In the records that follow, find the line containing "Cleveland Cavaliers.jpg" and the line containing "hotel-paris-offparisseine-linstantflo-15-sur-18", then transcribe both and every line between them exactly, omitting pictures.

EXERCISE DATA >>
........
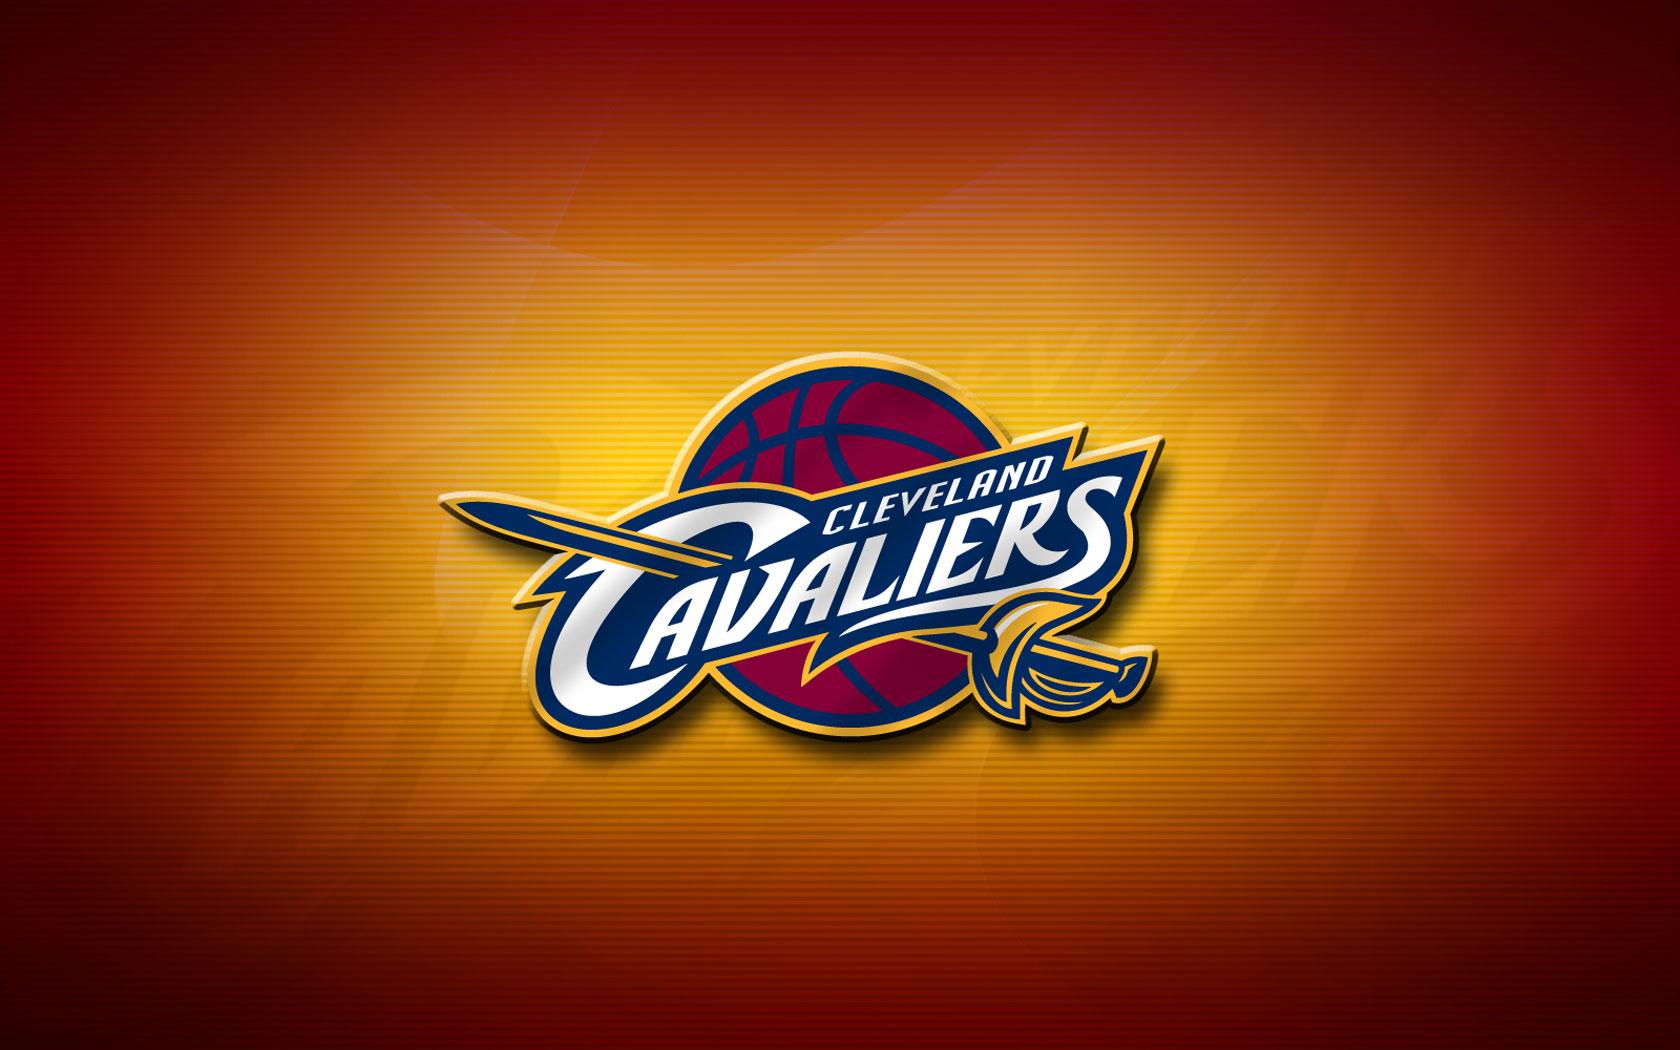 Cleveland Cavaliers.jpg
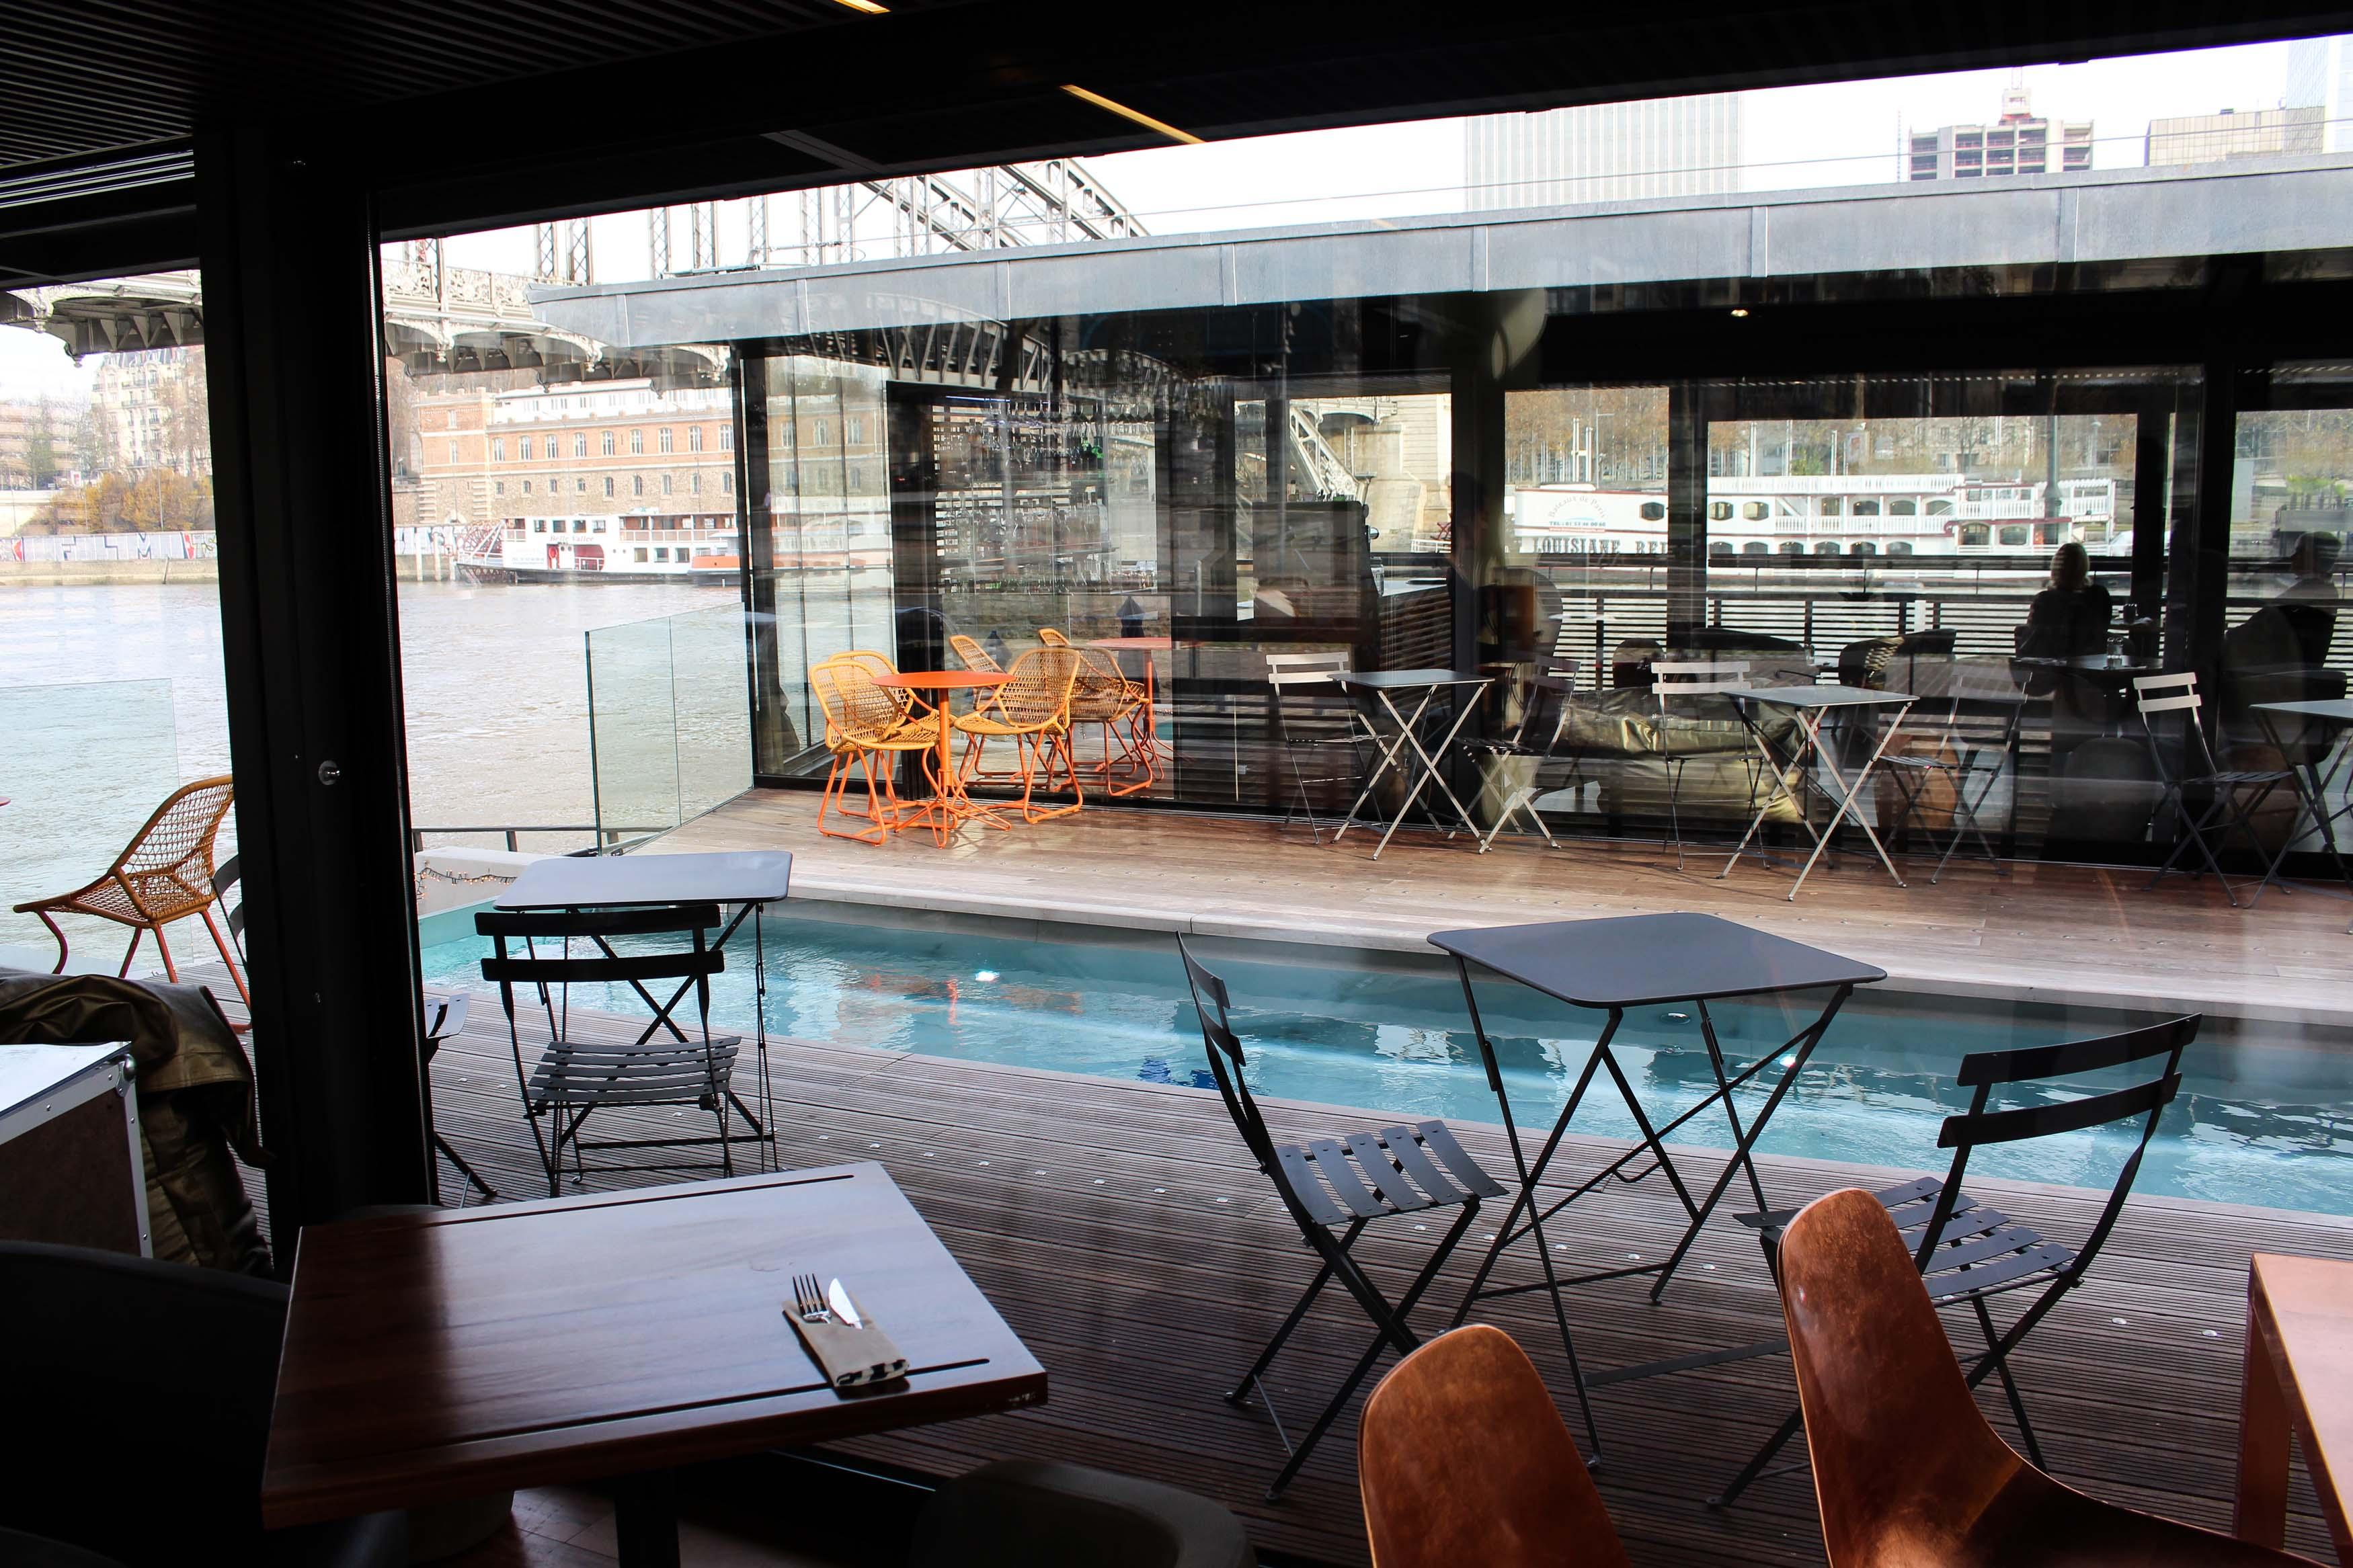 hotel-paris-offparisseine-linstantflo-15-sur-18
........
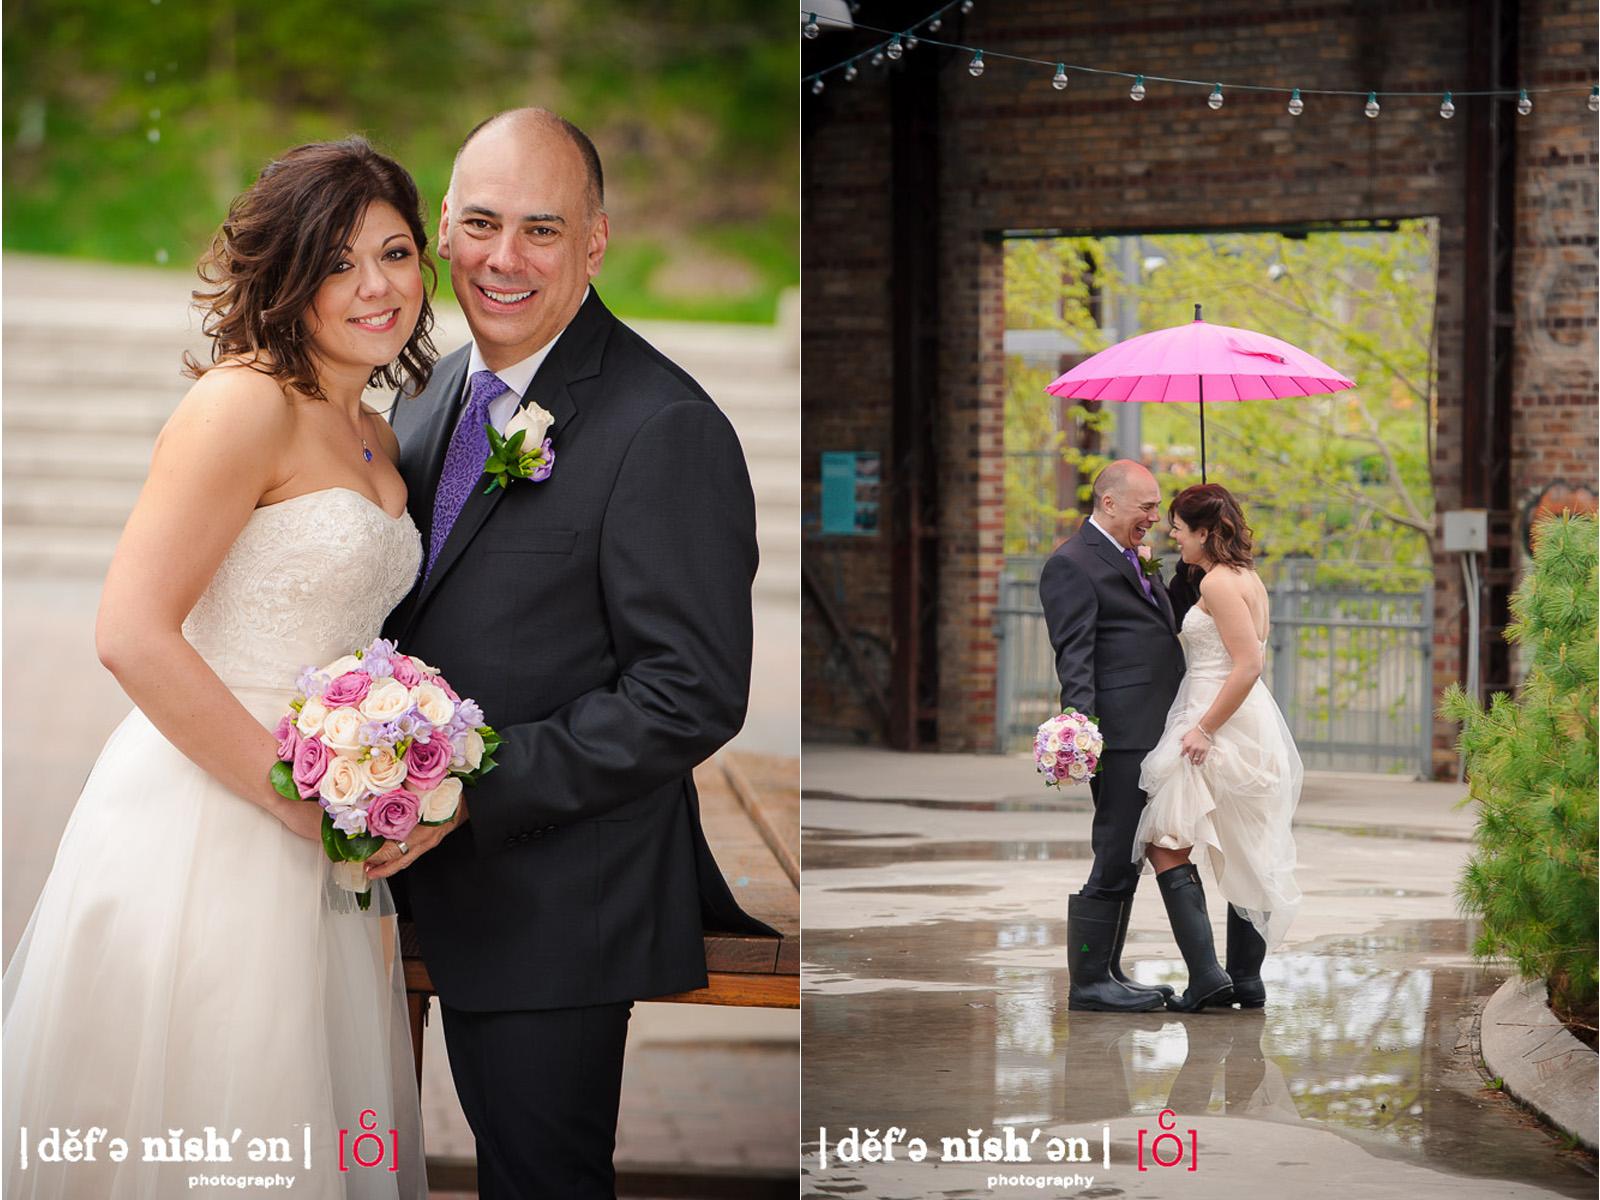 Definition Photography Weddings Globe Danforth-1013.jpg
........
SOLUTION >>
 Cleveland Cavaliers.jpg
 hotel-paris-offparisseine-linstantflo-15-sur-18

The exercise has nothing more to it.